Is it possible to mark an alias of a type as final (i.e. can't be re-defined in derived class)?
#include <iostream>
class B{
public: using type=std::string;
};
class D : public B{
public: using type=int; //<--- [1] I want a compile error here.
};
int main(){
typename D::type str="abc"; //<--- [2] This line is actually correct.
}
According to http://en.cppreference.com/w/cpp/language/final, it is for function only.
Is there a workaround?
It would be useful as a coder fool-proof in some cases.
No, you cannot.
Trait based types could do it, but the machinery is ugly.
Define a distributed type map maybe via an adl based tag function map.
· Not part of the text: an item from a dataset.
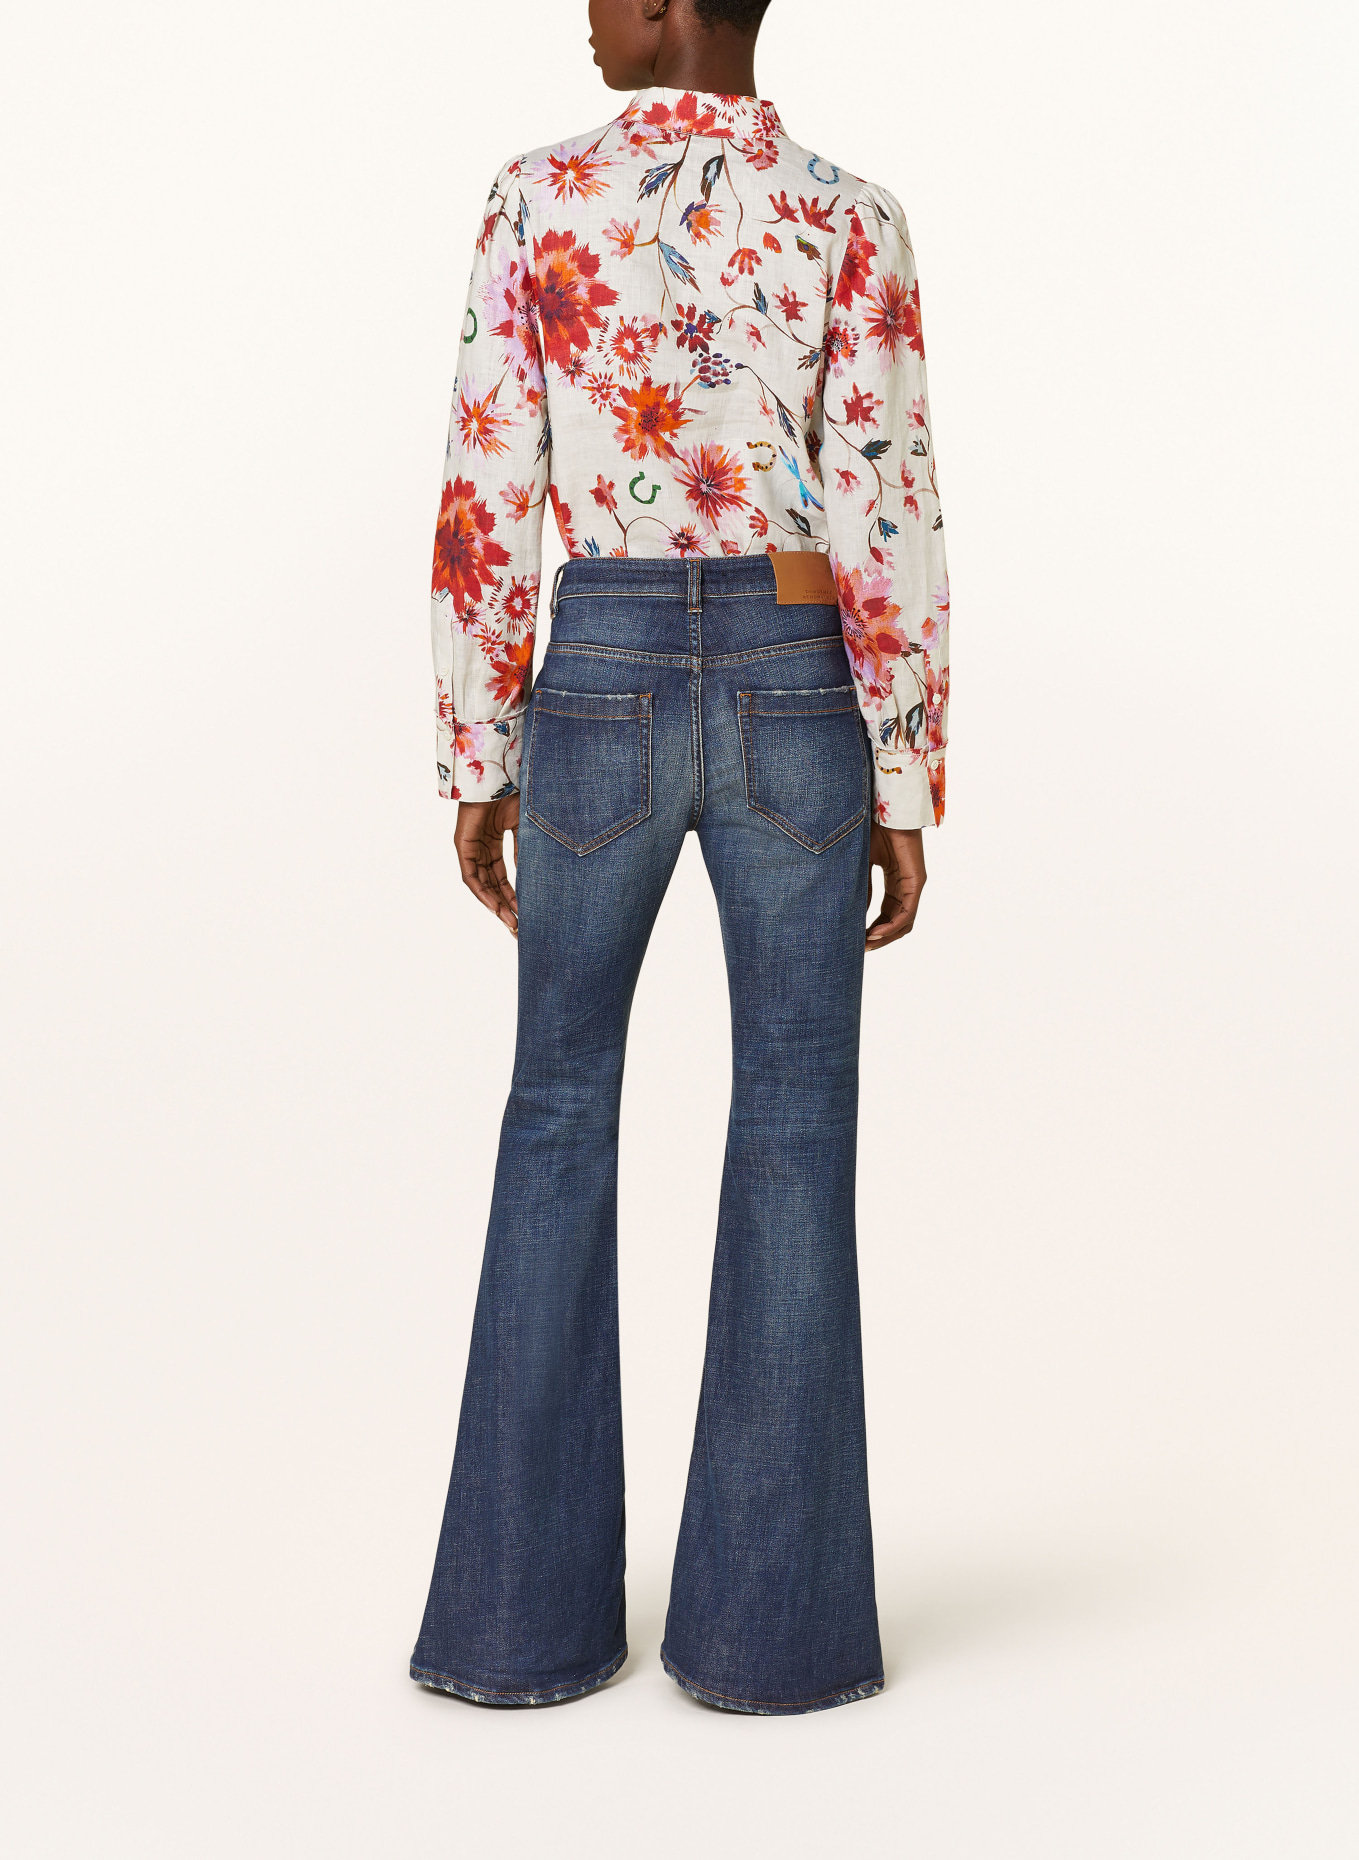 DOROTHEE SCHUMACHER Shirt blouse FLORAL EASE I BLOUSE made of linen, Color: CREAM/ RED/ BLUE (Image 3)

template<class T>struct tag_t{constexpr tag_t(){} using type=T;};
template<class T>constexpr tag_t<T> tag{};
namespace trait {
template<class T>
constexpr void type_tag( tag_t<T> ){}
template<class T>
using type=typename decltype( type_tag( tag<T> ) )::type;
}
// non-final alias
struct A{
friend constexpr tag_t<int> type_tag(tag_t<A>){return {};}
};
// non-final alias
struct A{
friend constexpr tag_t<char> type_tag(tag_t<A>){return {};}
};
// final alias
struct B{
template<class T, std::enable_if_t< std::is_base_of<B,T>{}, bool> =true>
friend constexpr tag_t<std::string> type_tag(tag_t<T>){return {};}
};
now overriding A's type_tag works with trait::type<> but if you try the same with B you'll get a long incomprehensible error.
This is a bad plan.
Metaclasses will probably let you do something like this as well.
In general, both of these require writing a new sublanguage of C++ to enforce a constraint C++ does not enforce. Possible, but ill-advised unless you have an extemely good reason.